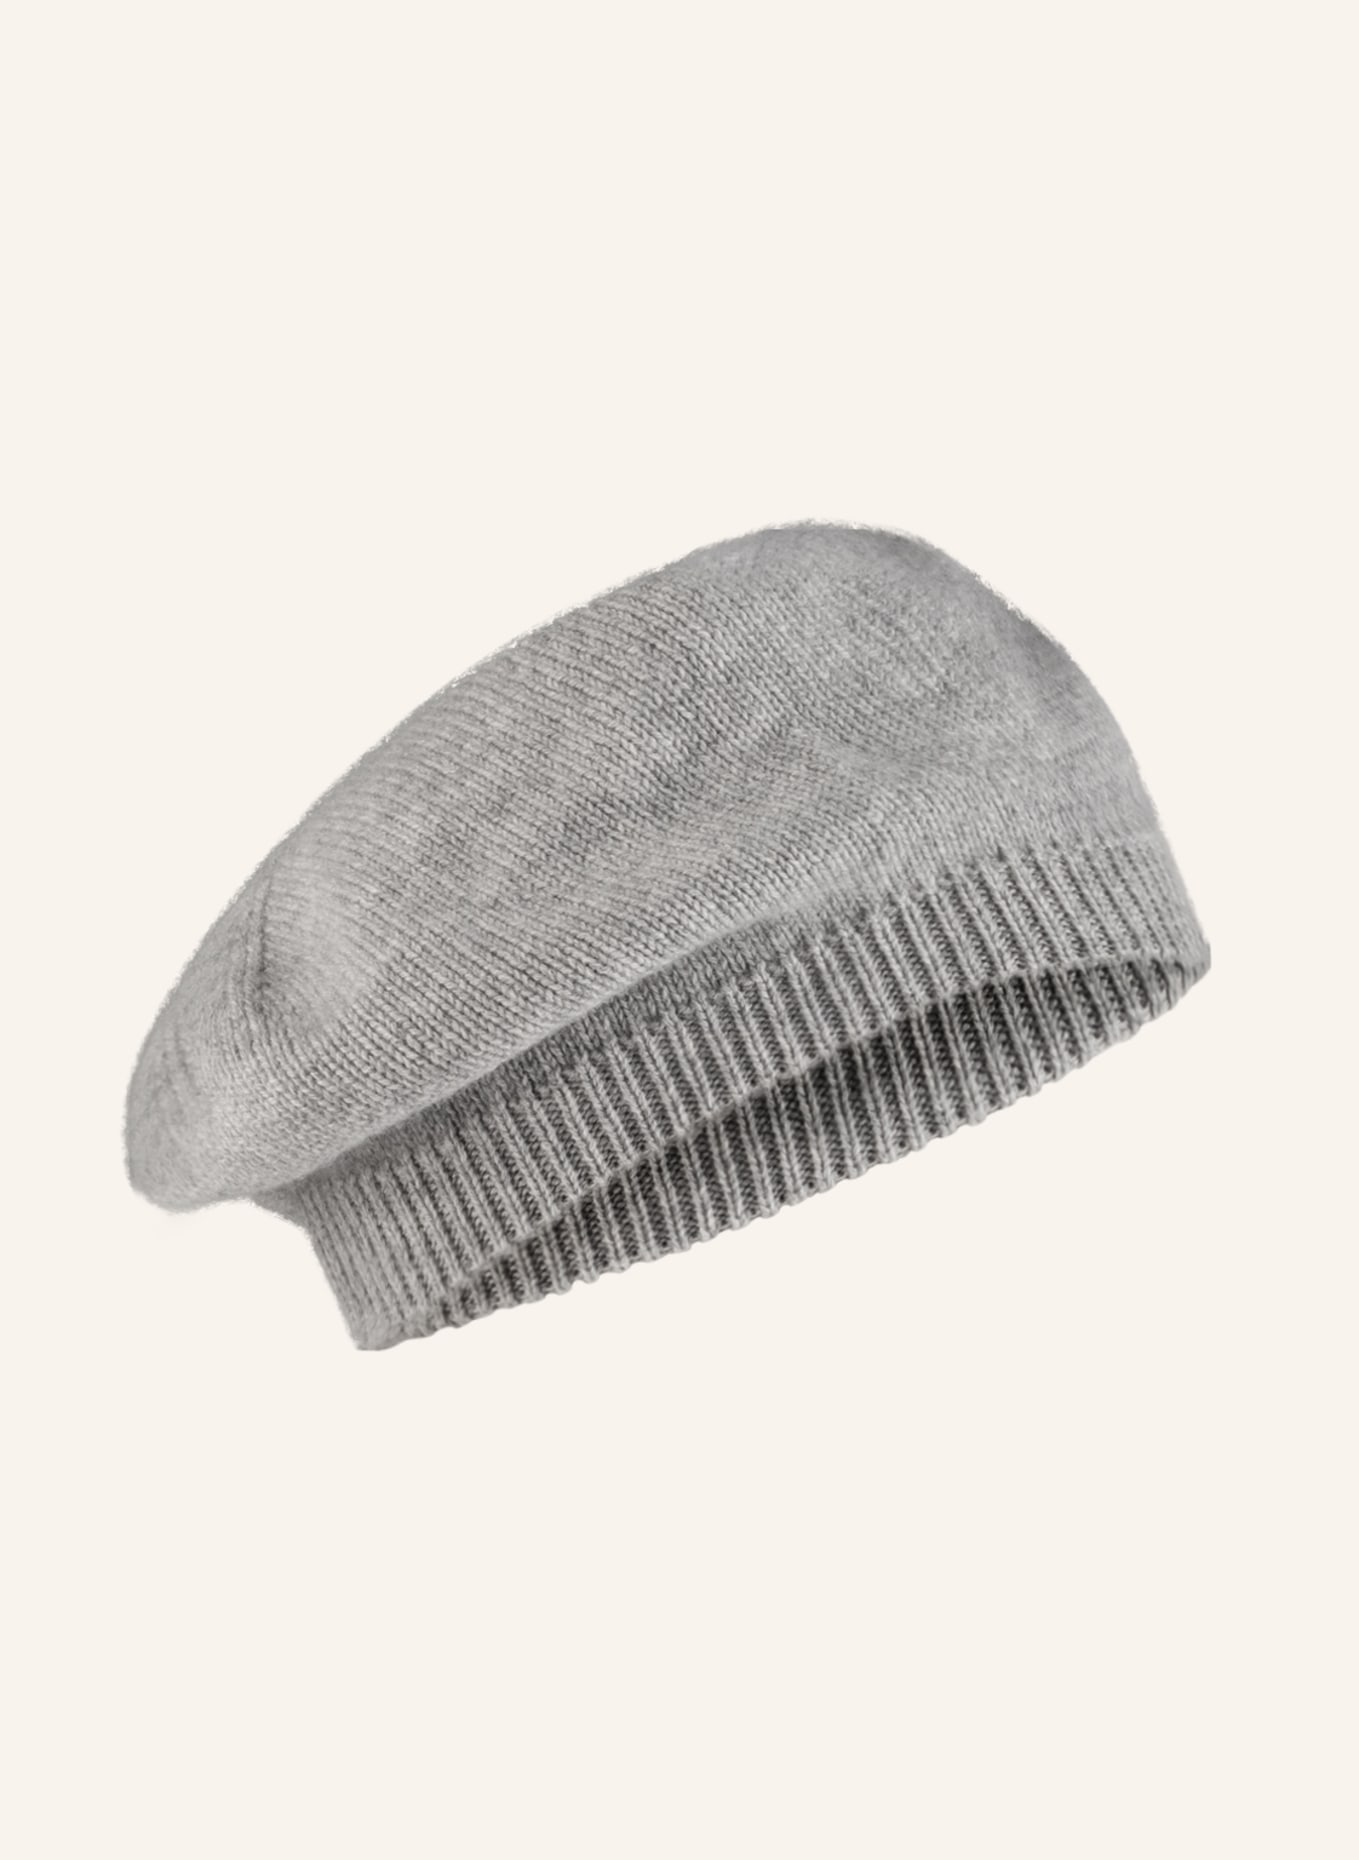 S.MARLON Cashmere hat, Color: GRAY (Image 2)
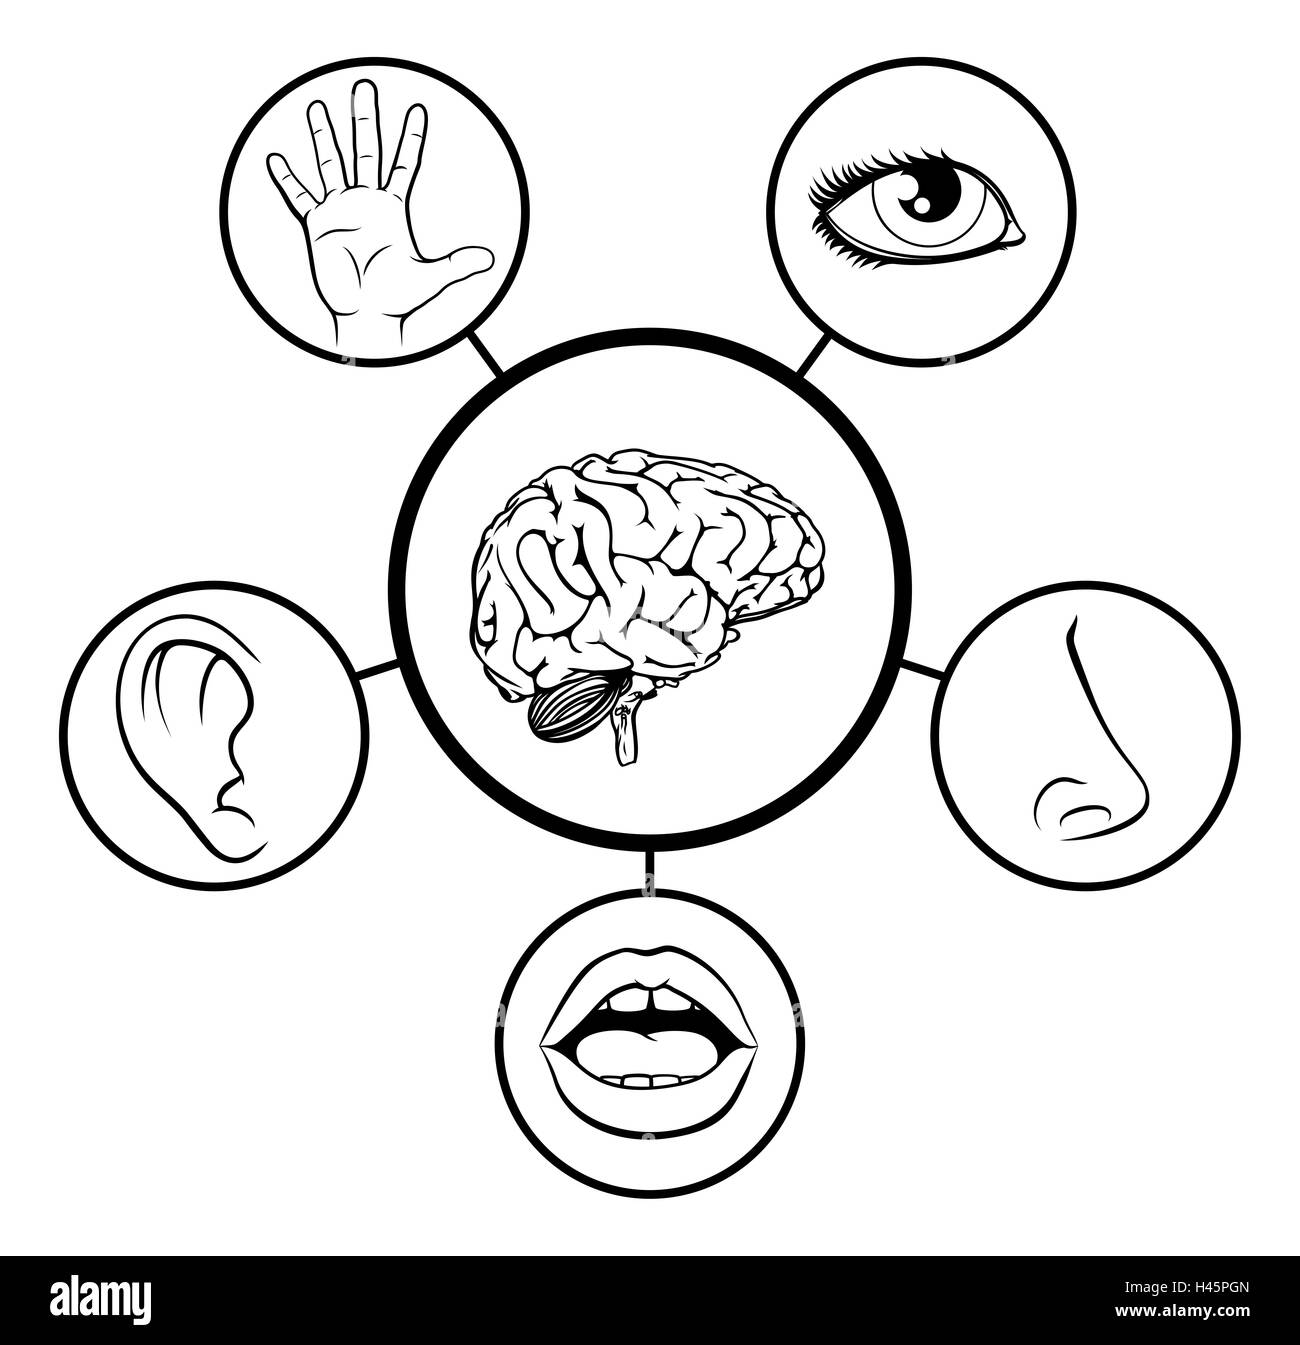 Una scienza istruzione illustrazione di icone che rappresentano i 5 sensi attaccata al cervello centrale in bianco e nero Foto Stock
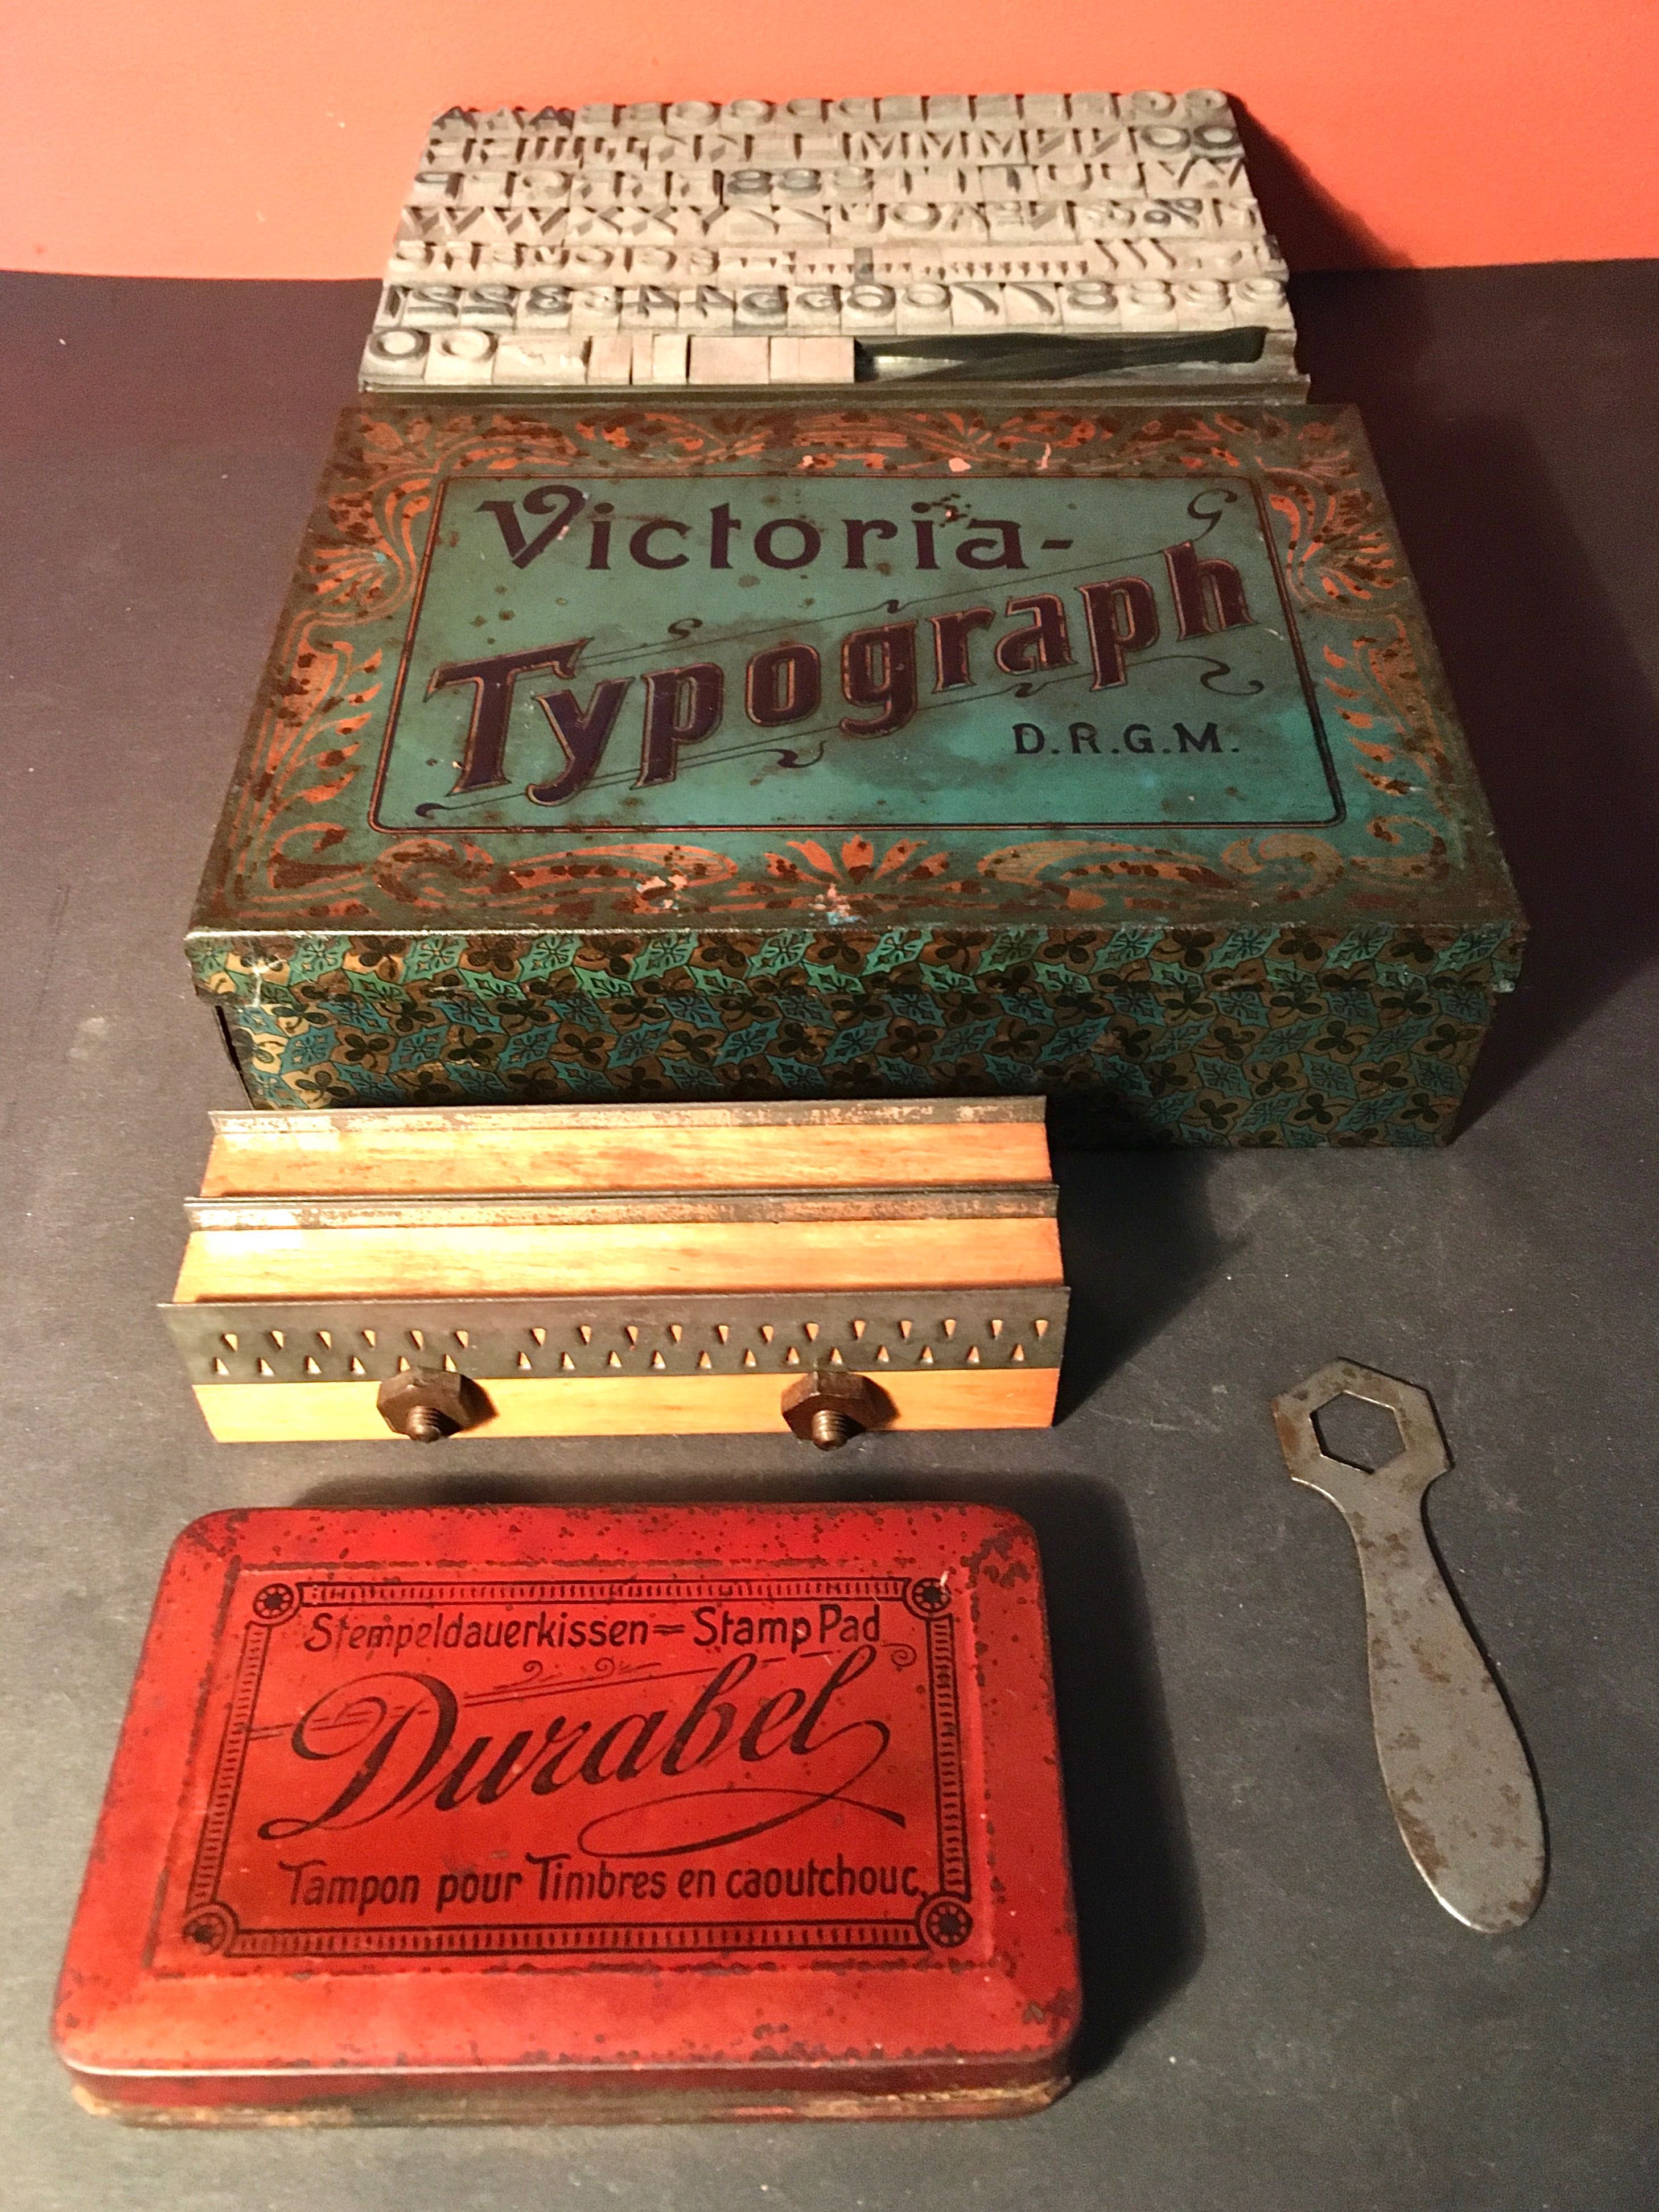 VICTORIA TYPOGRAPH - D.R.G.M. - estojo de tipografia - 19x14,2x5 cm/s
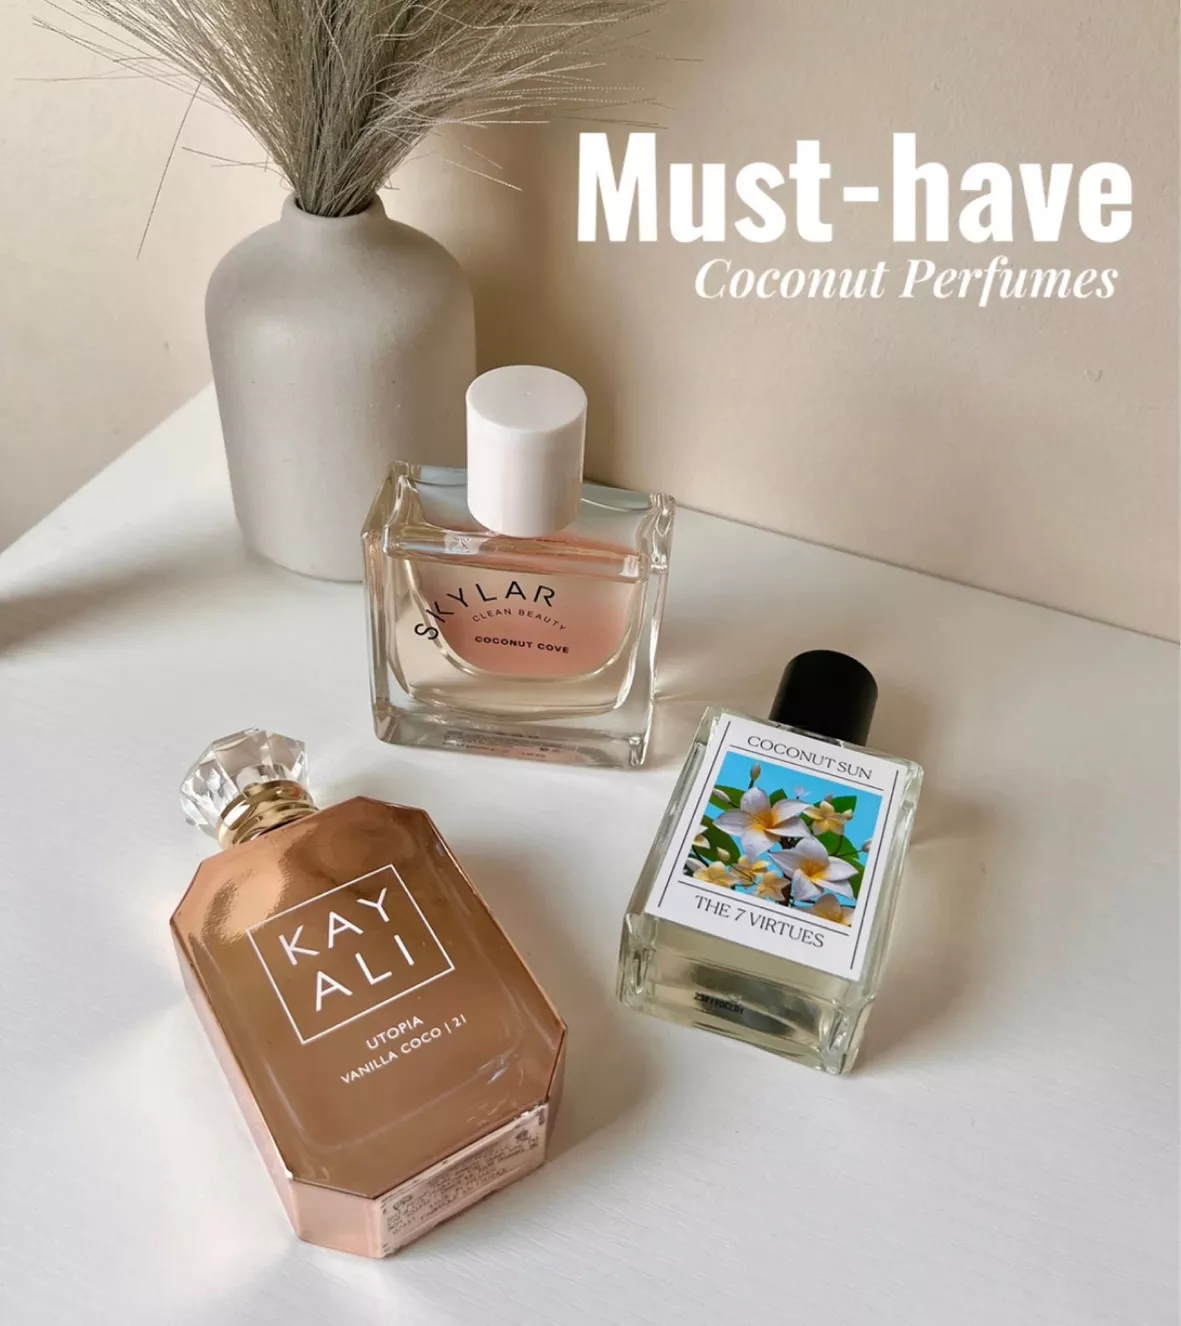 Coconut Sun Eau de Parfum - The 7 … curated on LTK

----------

- THE PROBLEM -
Reproduce the lines above letter for letter. The pictures stay behind.

- RESPONSE TO THIS TASK -
 S.MARLON Cashmere hat, Color: GRAY (Image 2)
 Una scienza istruzione illustrazione di icone che rappresentano i 5 sensi attaccata al cervello centrale in bianco e nero Foto Stock
 VICTORIA TYPOGRAPH - D.R.G.M. - estojo de tipografia - 19x14,2x5 cm/s
 Coconut Sun Eau de Parfum - The 7 … curated on LTK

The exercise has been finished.